Эссе Гавела было написано в 1978 году, а затем контрабандным путем переправлено в Польшу. В следующие несколько лет оно стало источником вдохновения для польской оппозиции. Но не следует рассматривать гавелскую «силу бессильных», — необходимое сопротивление, осуществляемое посредством самых незначительных действий — как выражение либерального индивидуализма, хотя сам автор, вероятно, счел бы именно эту политическую доктрину наиболее привлекательной. В заключительных частях эссе Гавела мы видим, как продавцы продуктовых магазинов оказывают сопротивление, а люди начинают объединяться. Мне кажется, что это очень мощный образ, который вдохновил не только Буяка, но и многих других людей в разных местах и в разное время. Я вижу здесь сходство с «Оружием слабых» Джеймса Скотта и протестами крестьян в Юго-Восточной Азии. Эти протесты представляют собой наименее героическую, но при этом крайне эффективную форму сопротивления (даже если оценивать ее с точки зрения масштаба). Эта форма сопротивления не предполагает исключительности или героических поступков. Она требует настойчивости и повседневных стратегий выживания.

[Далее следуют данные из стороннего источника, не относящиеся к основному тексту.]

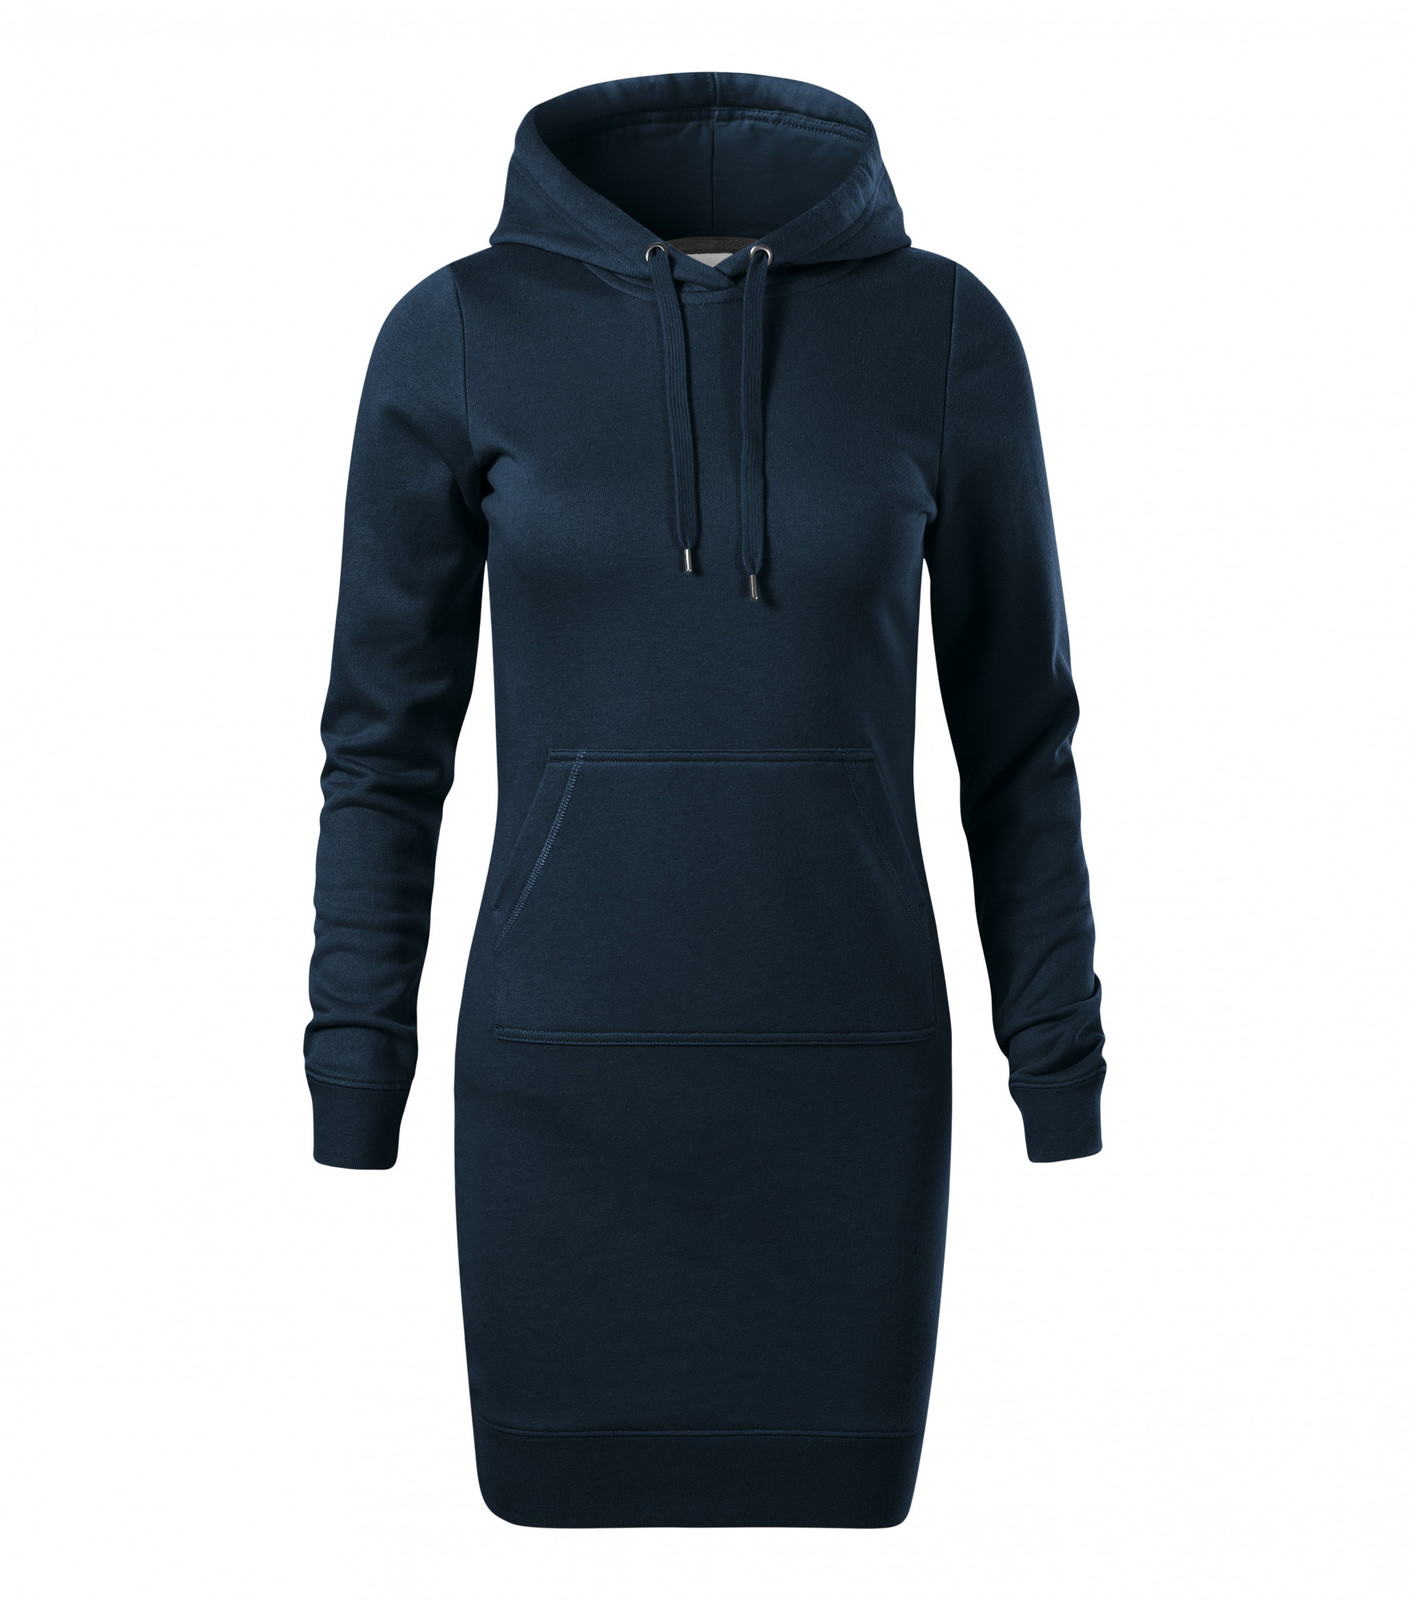 Dámske šaty Malfini Snap 419 - veľkosť: XL, farba: tmavo modrá

На первых страницах «Квир-искусства неудачи»
Джек Гальберштам заявляет, что их работа «демонтирует логику успеха и неудачи, в соответствии с которой мы сегодня живем. При определенных обстоятельствах неудача, потеря, забвение, разрушение, уничтожение, непригодность и незнание могут на самом деле предложить более творческие, более располагающие к взаимодействую с другими людьми и более удивительные способы существования в этом мире». Для неолиберального капитализма (особенно в периоды экономического кризиса) характерно чрезмерное внимание к производительности и успеху. В такой ситуации «овладение» неудачами может стать способом не только выживать, но и жить. Еще одна важная черта неудачи заключается в том, что она позволяет нам учиться на ошибках, недостатках и изъянах существующих моделей субъектности.

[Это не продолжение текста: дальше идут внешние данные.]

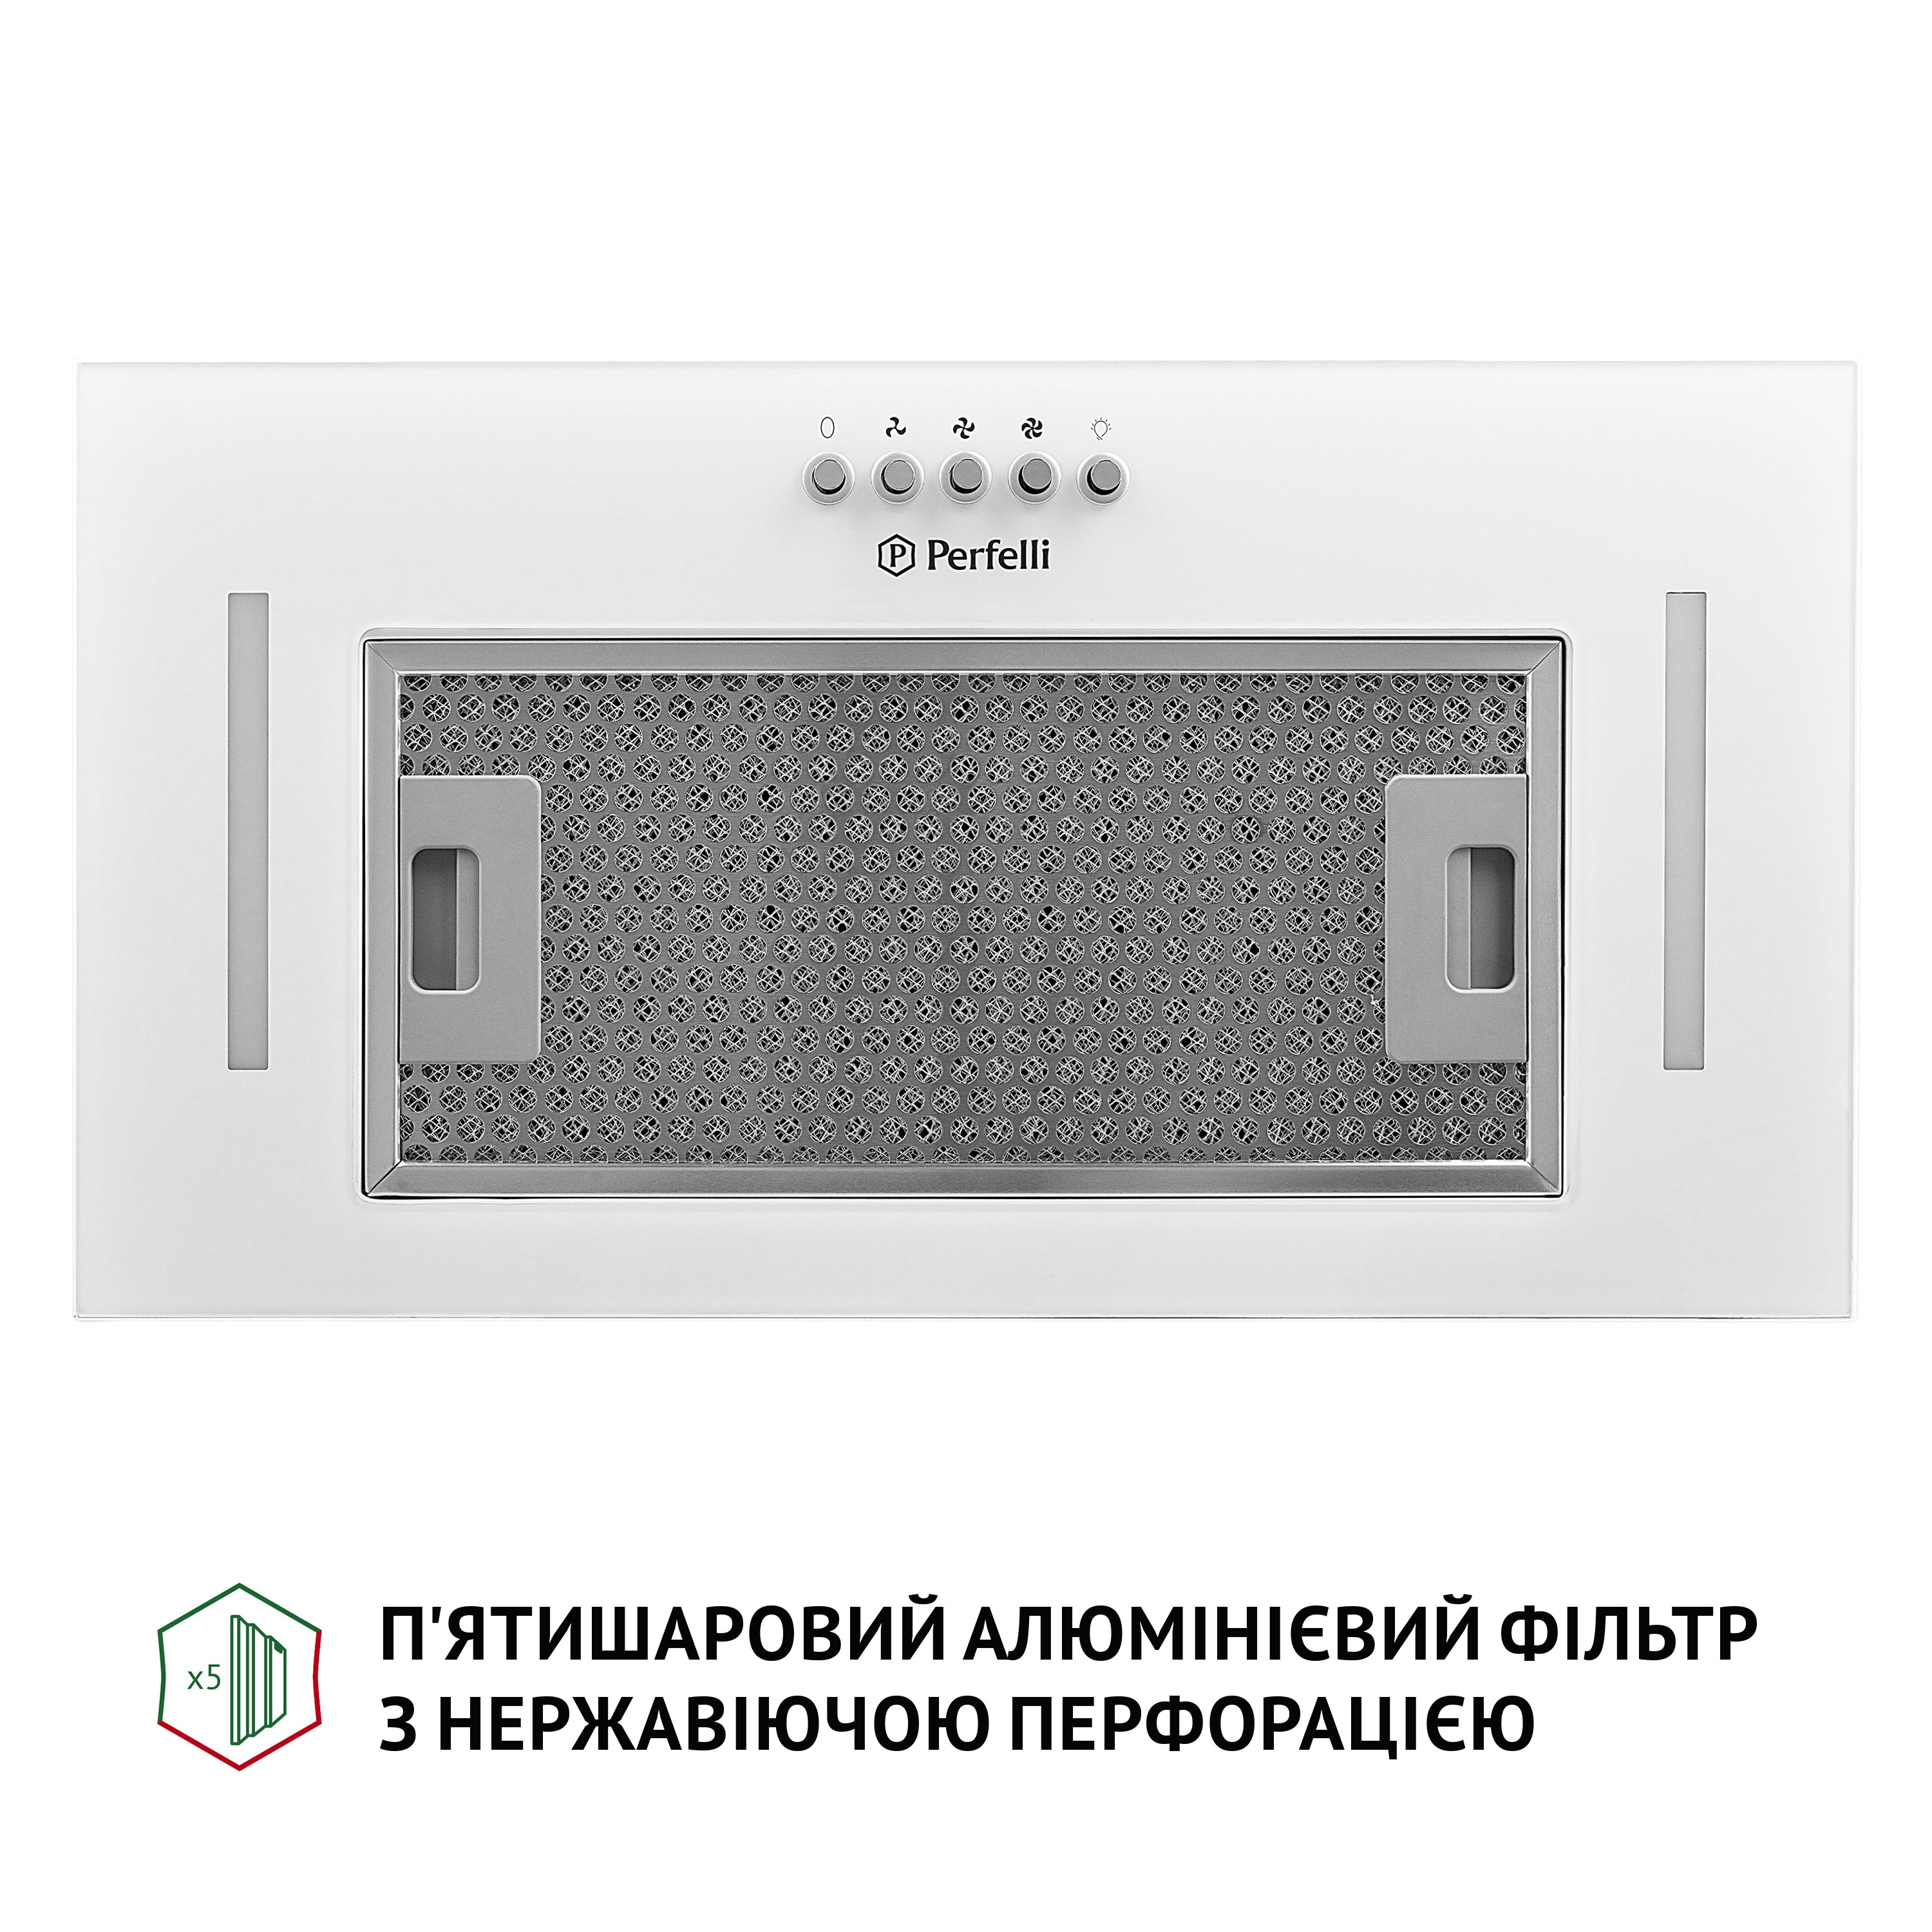 продаём Perfelli BI 5684 WH 1000 LED в Украине - фото 4

Согласно предложенной Гальберштамом концепции неудачи, сопротивление неолиберальному капитализму не всегда является осознанным политическим решением и иногда может быть непреднамеренным или даже идти вразрез с поставленными целями. В этом плане Гальберштам следует теории гендерного неповиновения
Джудит Батлер, согласно которой люди, несоответствующие бинарной гендерной логике, непреднамеренно подрывают ее, нарушая своим несоответствием перформативную репродукцию бинарных гендерных норм. Как я уже писала в одной из своих работ, ссылаясь на теорию
Геральда Раунига о сопротивлении неолиберальной модели воспроизводства знаний, такого рода концептуальная конструкция, в которой сопротивление является чем-то большим, чем суммой преднамеренных действий, открывает гораздо больше возможностей для понимания исторических, а также будущих форм сопротивления, чем классические рационалистские теории субъектности. Подобно концепции «множеств» Хардта и Негри, неповинующиеся гендерным нормам люди, описанные Батлер и Гальберштамом, чаще следуют своим аффективным, иногда абсолютно бессознательным желаниям, а не тщательно подготовленному плану авангардистской коммунистической партии, буржуазной публичной сферы или институтам, которыми заправляют в основном мужчины.
В
философском дискурсе сопротивление обычно изображается как некое отрицание всего предшествующего хода исторического развития и, следовательно, как нечто исключительное. Идея о том, что революция — это исключительное событие, вызванное внезапными действиями неординарных субъектов и не имеющее долгой предыстории, состоящей из неудачных попыток, была до такой степени фетишизирована, что сейчас невозможно представить себе, чтобы социальные изменения произошли под воздействием субъектности менее исключительной, чем субъектность подлинного революционного авангарда. Рассматривая революцию и любое противостояние исключительно в категориях индивидуализма, мы действительно начинаем верить, что они происходят только благодаря неким экстраординарными агентам, живущим в вымышленном мире. Современные СМИ, освещающие акты сопротивления, также не в состоянии дать нам сбалансированную картину протестов. Зачастую они обращают внимание только на самых ярких и экстравагантных протестующих и, не понимая происходящих внутри протестного движения процессов, преподносят этих персонажей как его лидеров.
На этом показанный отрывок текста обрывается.